What you should do: Transcribe only the stretch of lines that opens with the line containing "#tulleballoons #bespokeballoons #weddingballoons" and closes with the last line of the listing, skipping pictures.

Recorded information:
+---+
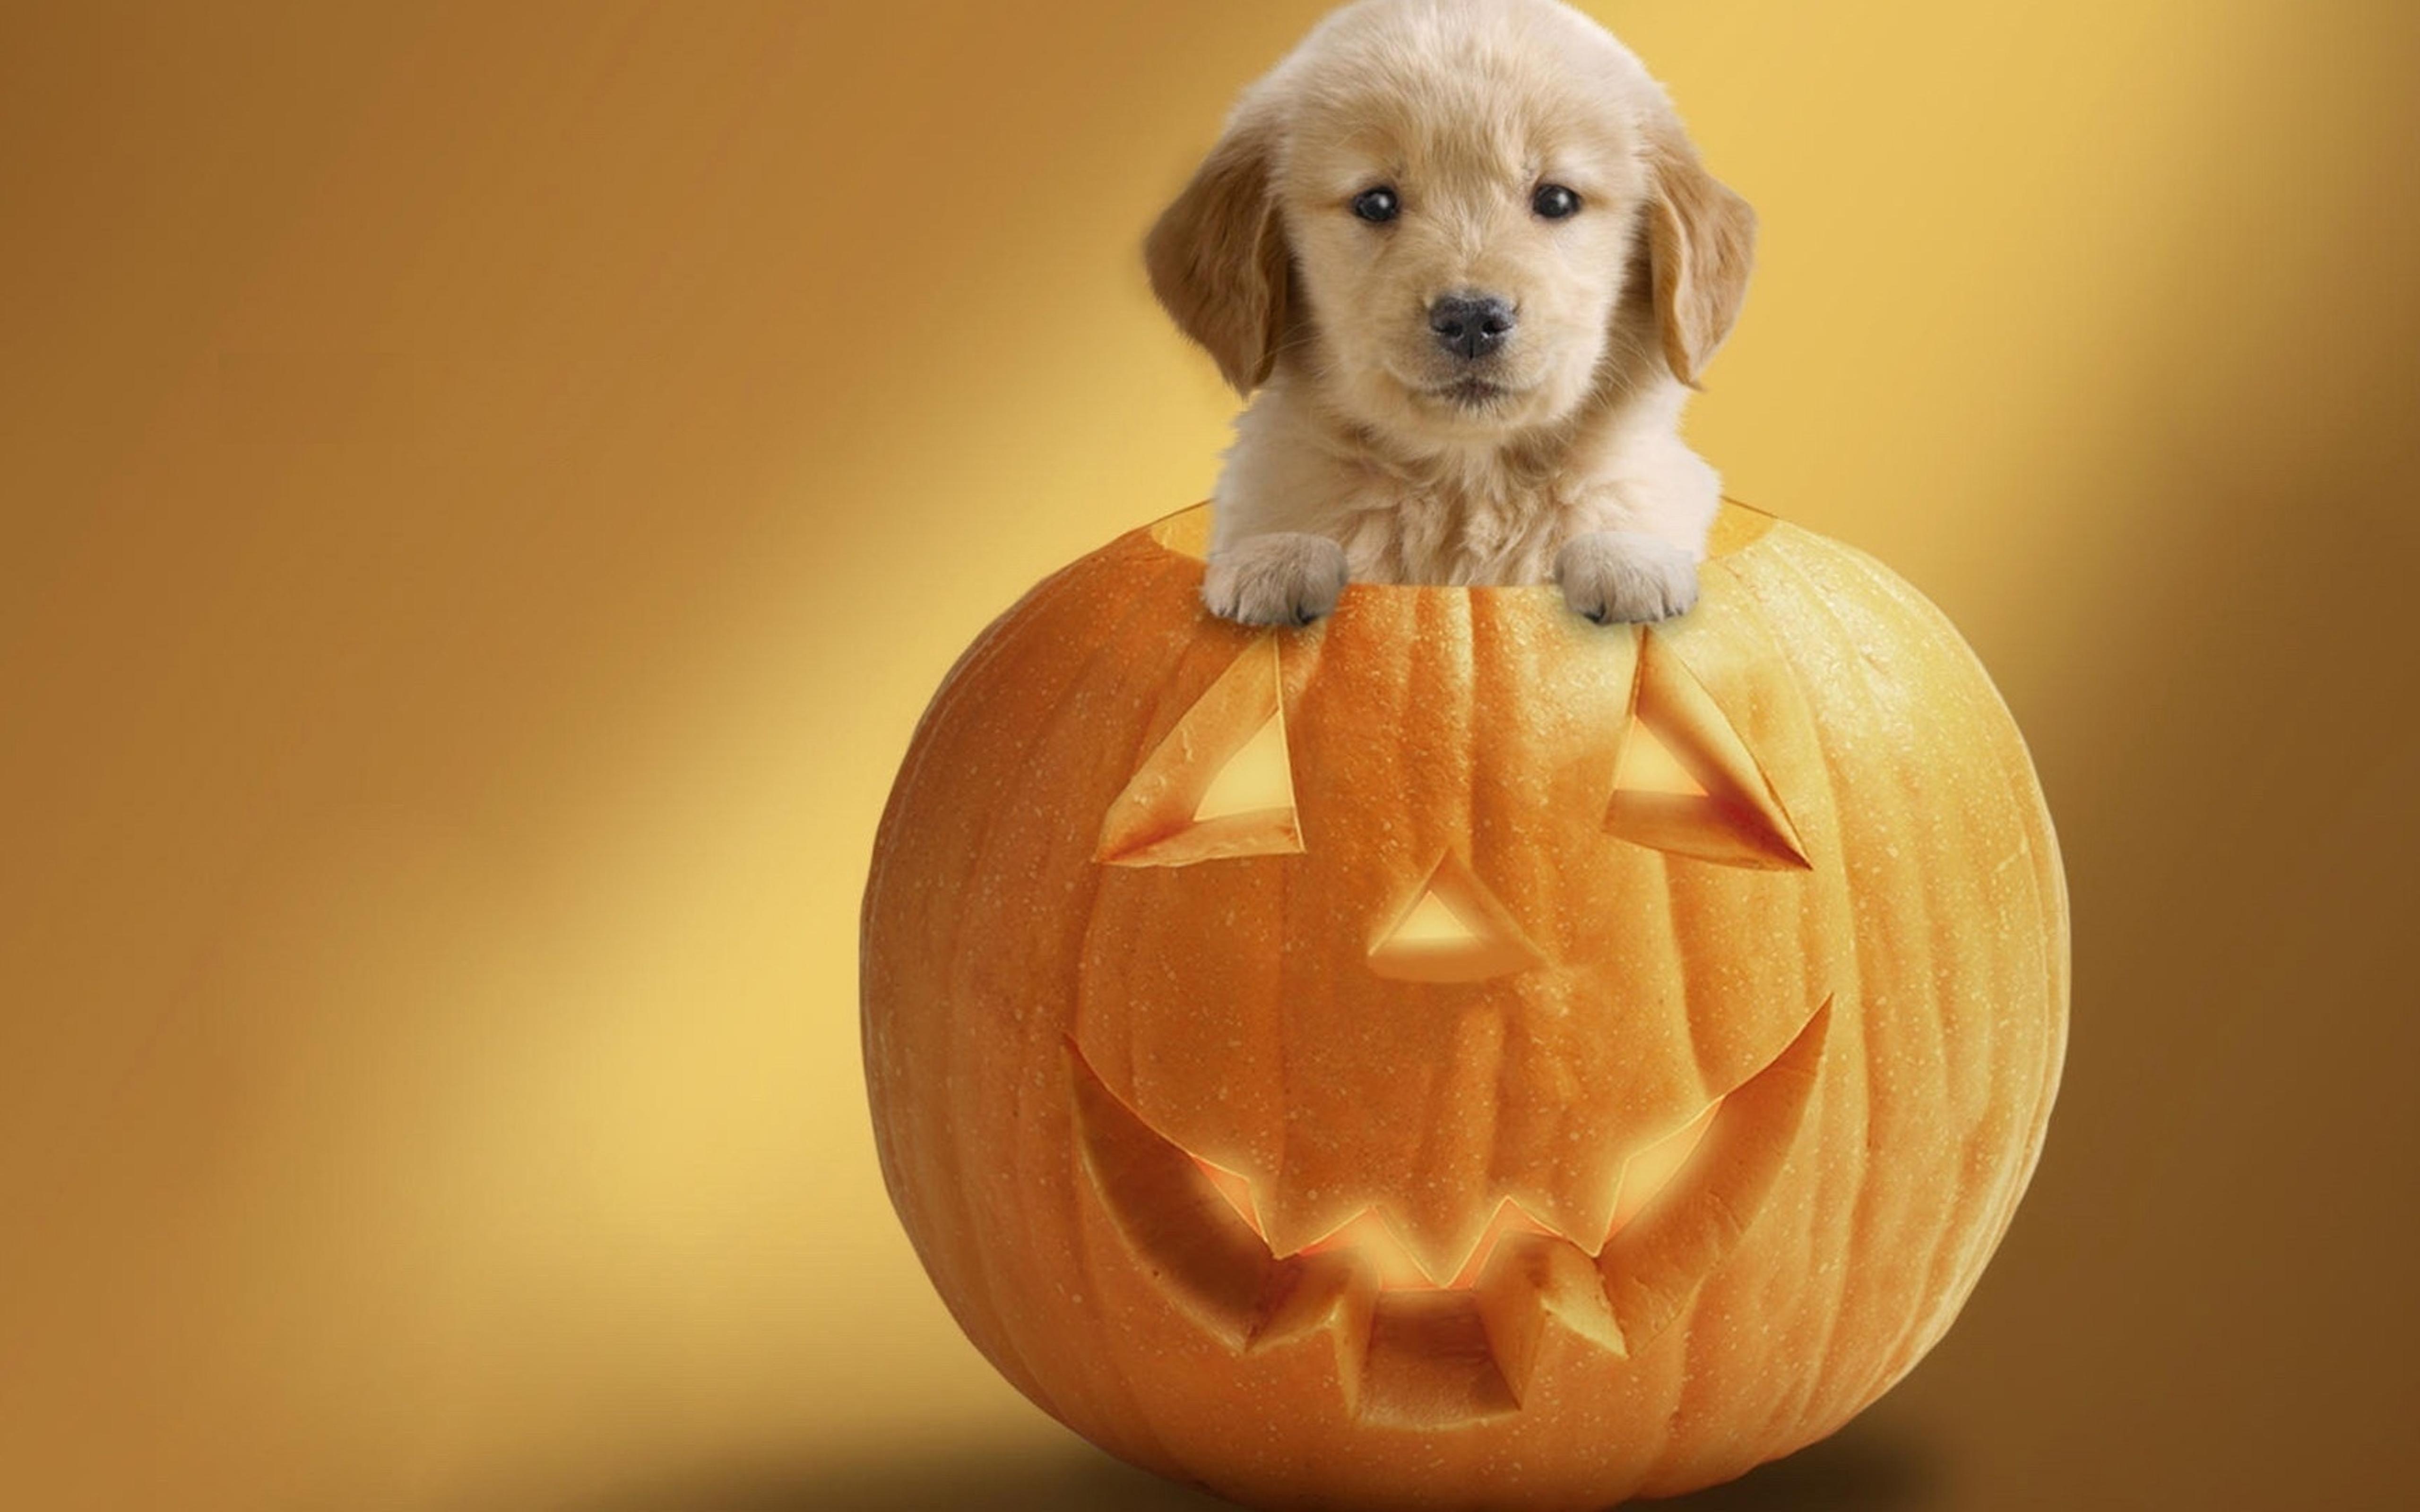 Cute puppy in a pumpkin
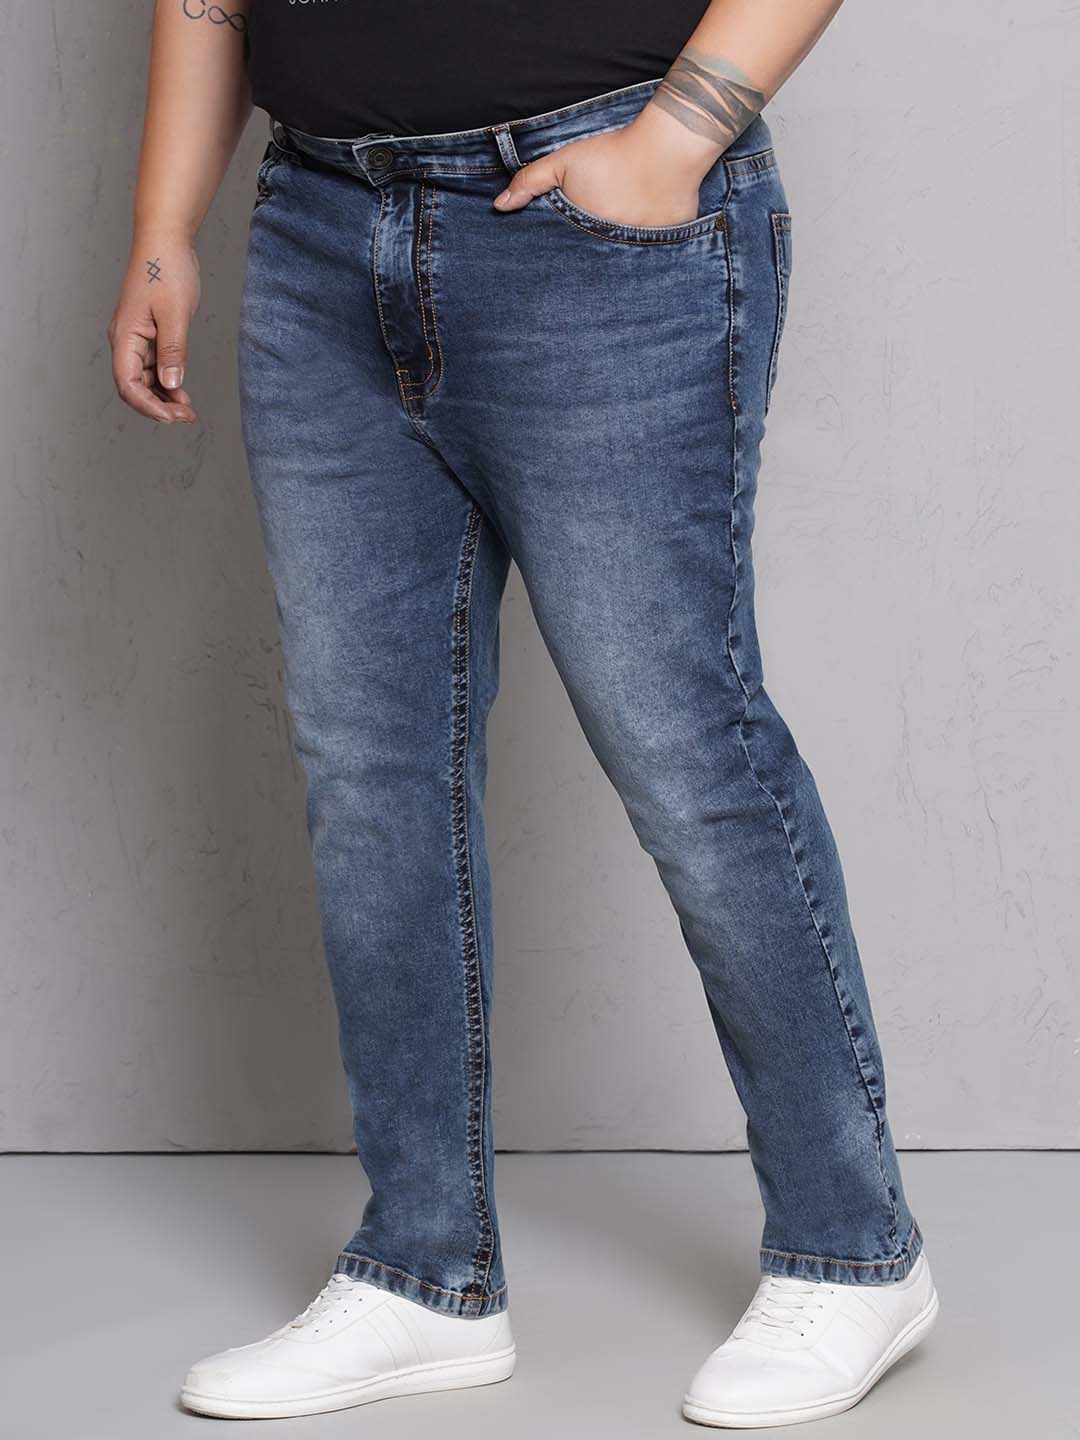 bottomwear/jeans/JPJ27116/jpj27116-4.jpg
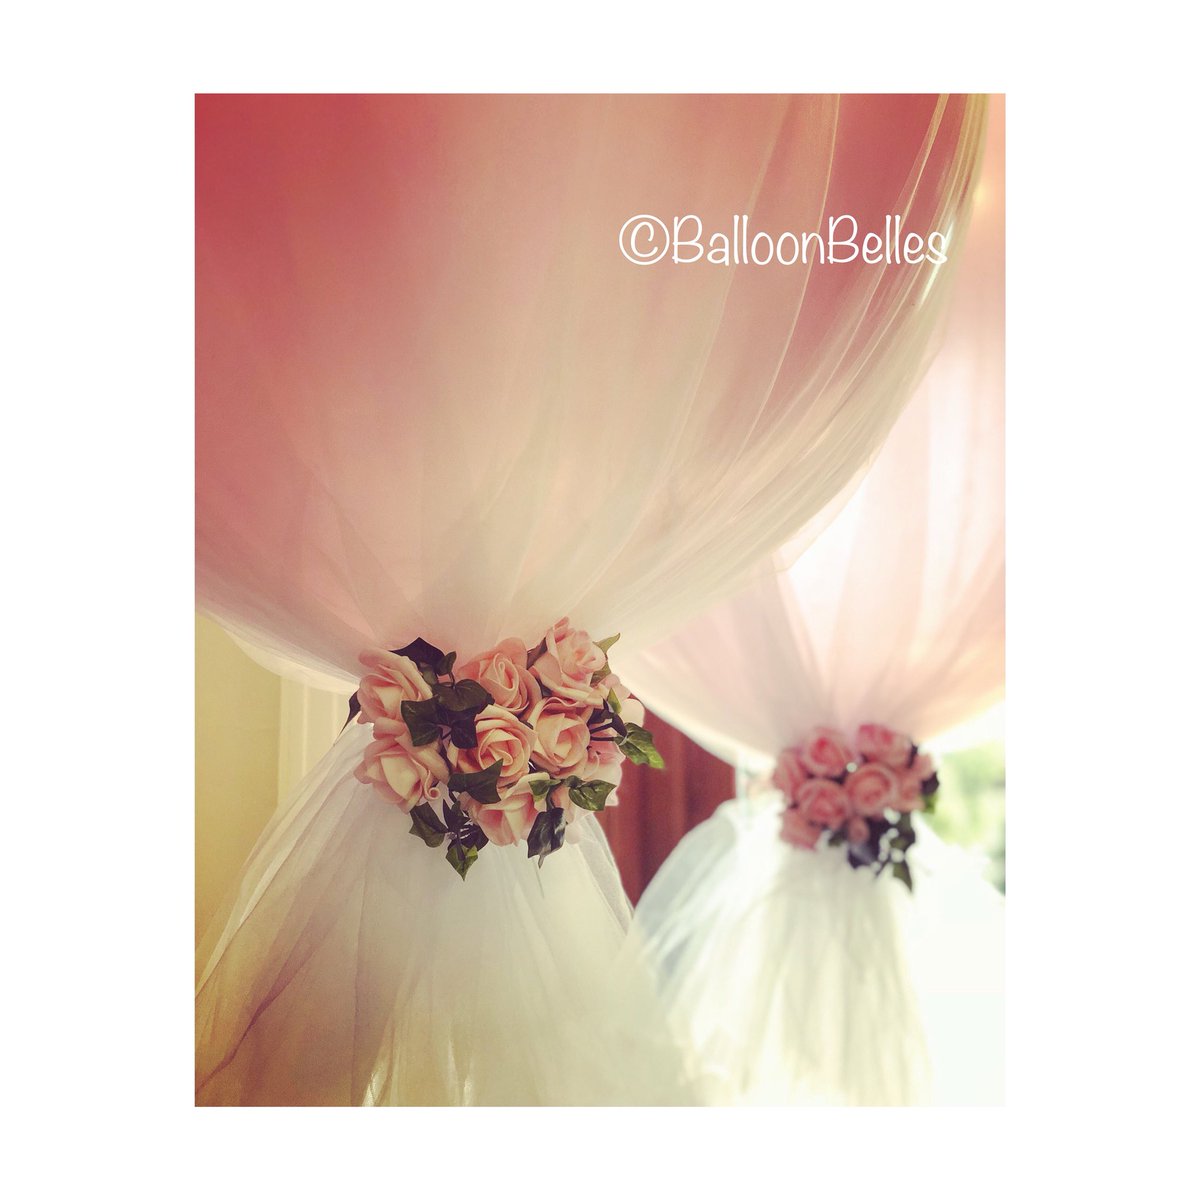 #tulleballoons #bespokeballoons #weddingballoons #weddinginspo #balloons
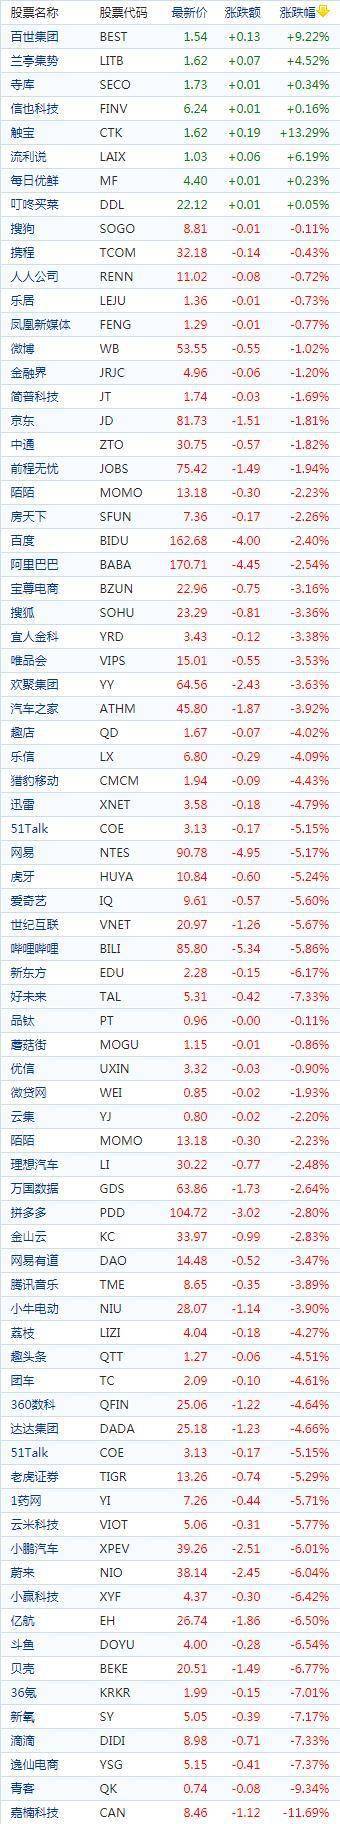 中国概念股周三收盘普遍下跌 教育股、WSB概念股价格随之走低
+---+
The completed task:
 #tulleballoons #bespokeballoons #weddingballoons #weddinginspo #balloons
 中国概念股周三收盘普遍下跌 教育股、WSB概念股价格随之走低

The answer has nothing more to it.